Evaluation of Steel Stairwell Dynamic Characteristics, Under Few Mass Configurations Using Ambient Vibration Method

Abstract

Application of external mass on existing emergency steel stairwell in this study has altered the natural frequency when the resonance threshold has been reached and allows disruption to the human comfort feeling. Ambient vibration testing and modal analysis were carried out on 6 meter height of emergency steel stairway portal frame by using 1 Hz of tri-axial seismometer sensor and open source software of GEOPSY as the processing tool. The stairwell platforms were subjected by cumulative ascending static mass configurations of 300 kg, 600 kg and 900 kg.
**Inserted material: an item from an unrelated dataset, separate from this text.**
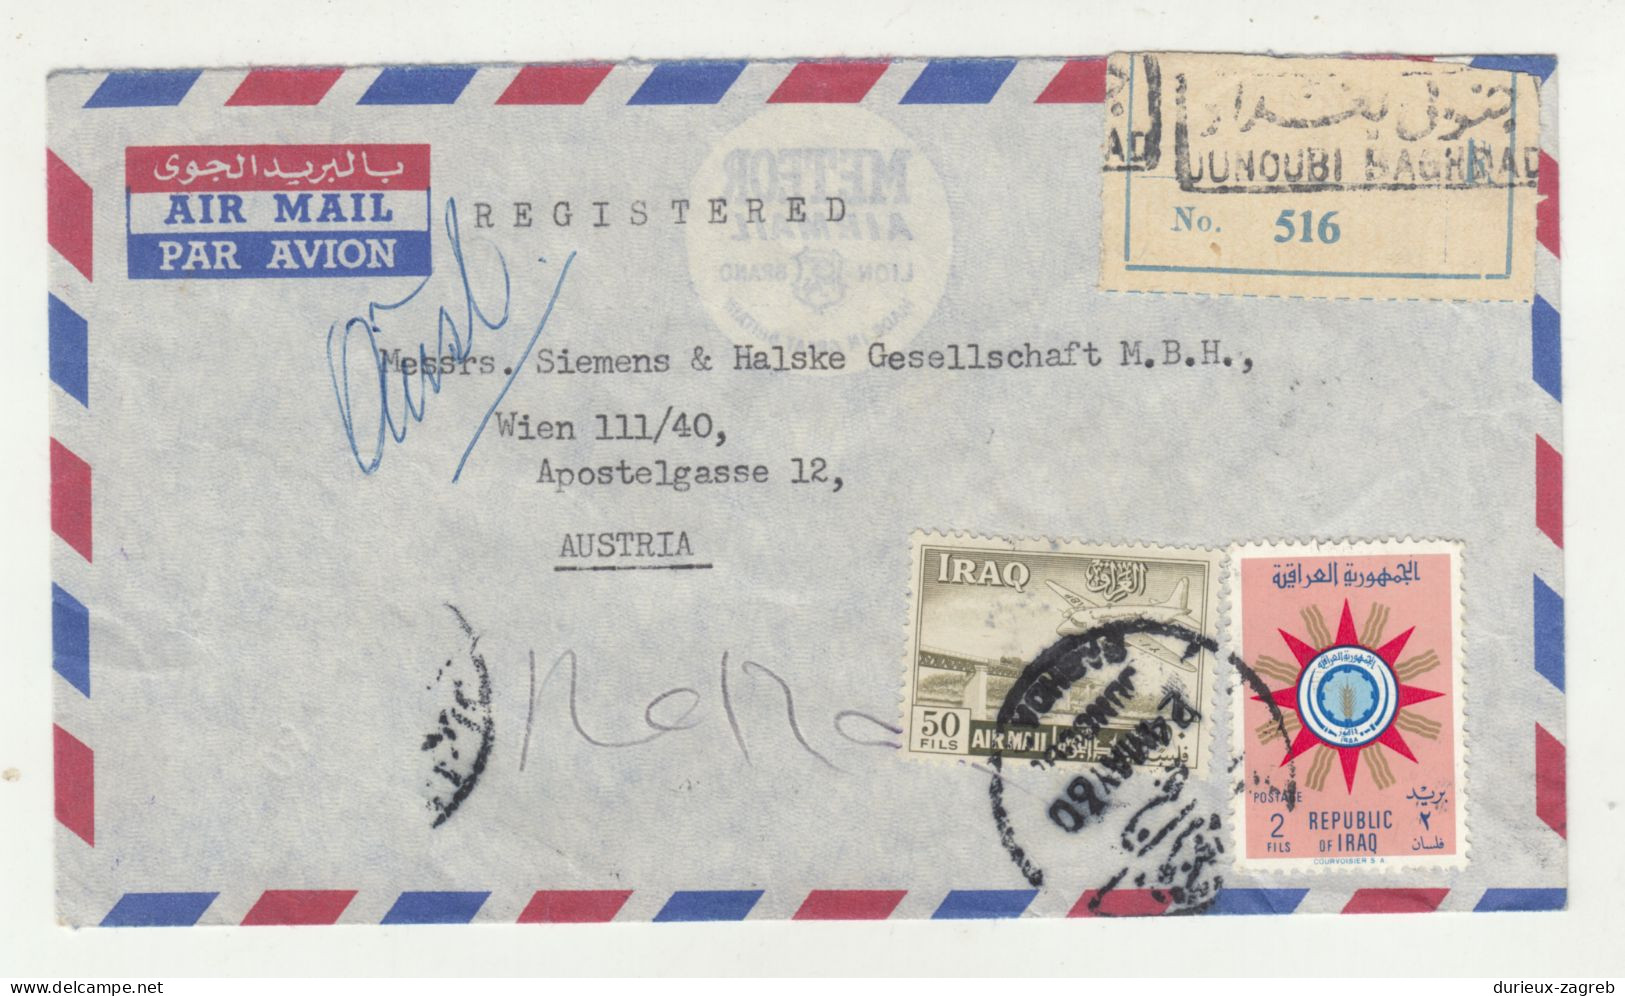 Khavat & Company, Baghdad Company Air Mail Letter Cover Posted Registered 1960 To Austria B240503 - Irak
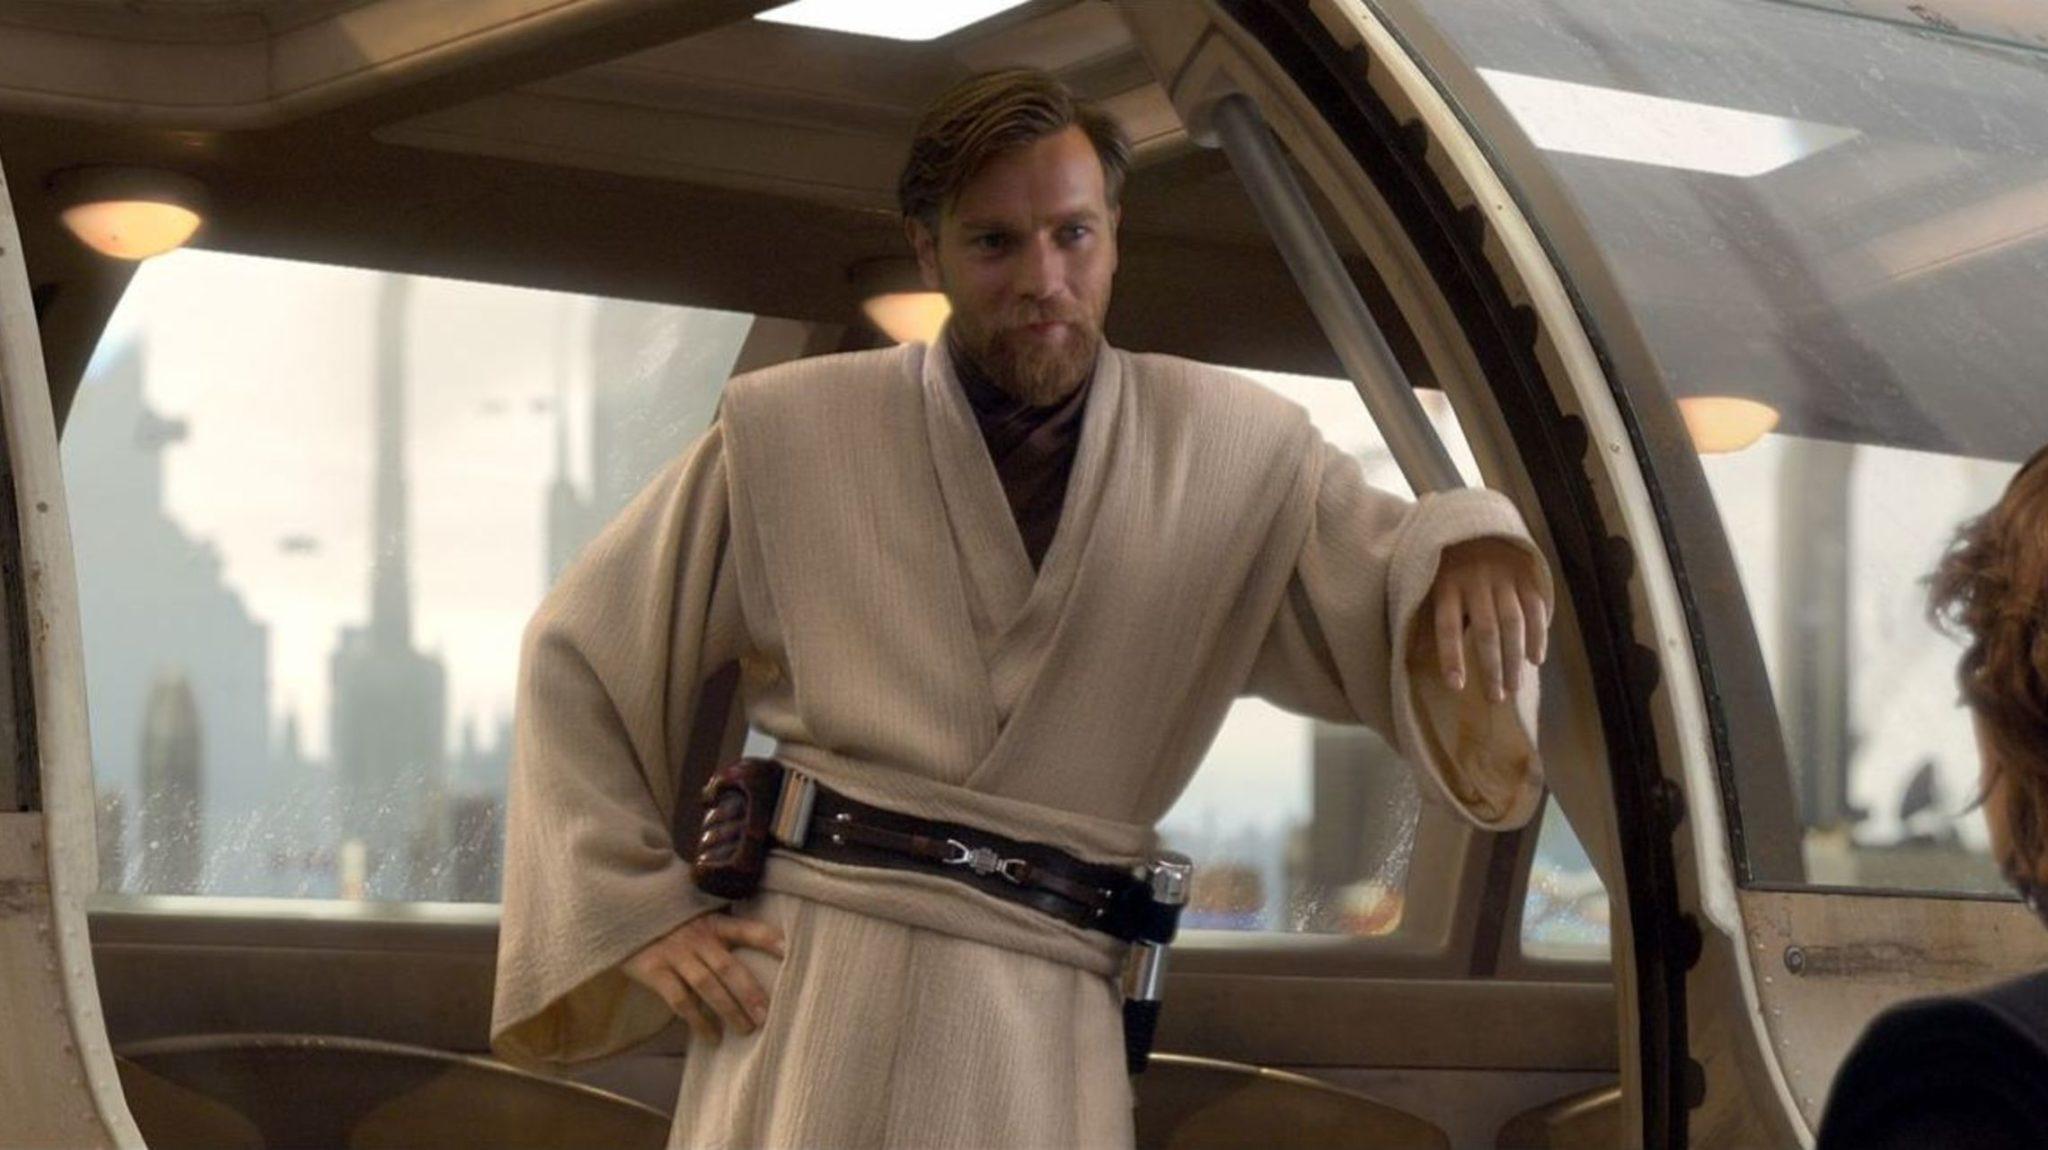 Obi-Wan Kenobi was originally planned to be Rey's grandfather, but that idea was scrapped midway through the trilogy.

Identification of the predominant first mode frequency, f1, and mode shapes were made with specified empirical filtering protocols were applied.  Fourier Amplitude Spectra (FAS) was used to transform the ambient vibration time series, when the first predominant frequency under bare frame (BF) condition shows at 8.32 Hz. f1 decreased linearly to 7.35 Hz (BF+300kg), 6.77 Hz (BF+600kg) and 6.23 Hz (BF+900 kg), when the masses were increased. In addition, at these frequencies’ ranges, bad human subjective experiences could be triggered as recommended by previous researchers between 8 to 5 Hz. Besides, the deflection shapes from the first mode frequency was also illustrated at higher deflection amplitude to one of the portal frame’s column which resisting two stairwell platforms. These amplitudes are higher when f1 is decreasing. It can be concluded that, ambient vibration approach has efficiently evaluated the dynamic characteristics and its influence against the structure-person interaction on existing steel stairwell portal frame in this study. Further strengthening work on the steel frame could decrease the reductions percentages of the predominant frequencies, deflection amplitudes and even increase the human comfort level when using the stairwell, especially during building evacuation procedure.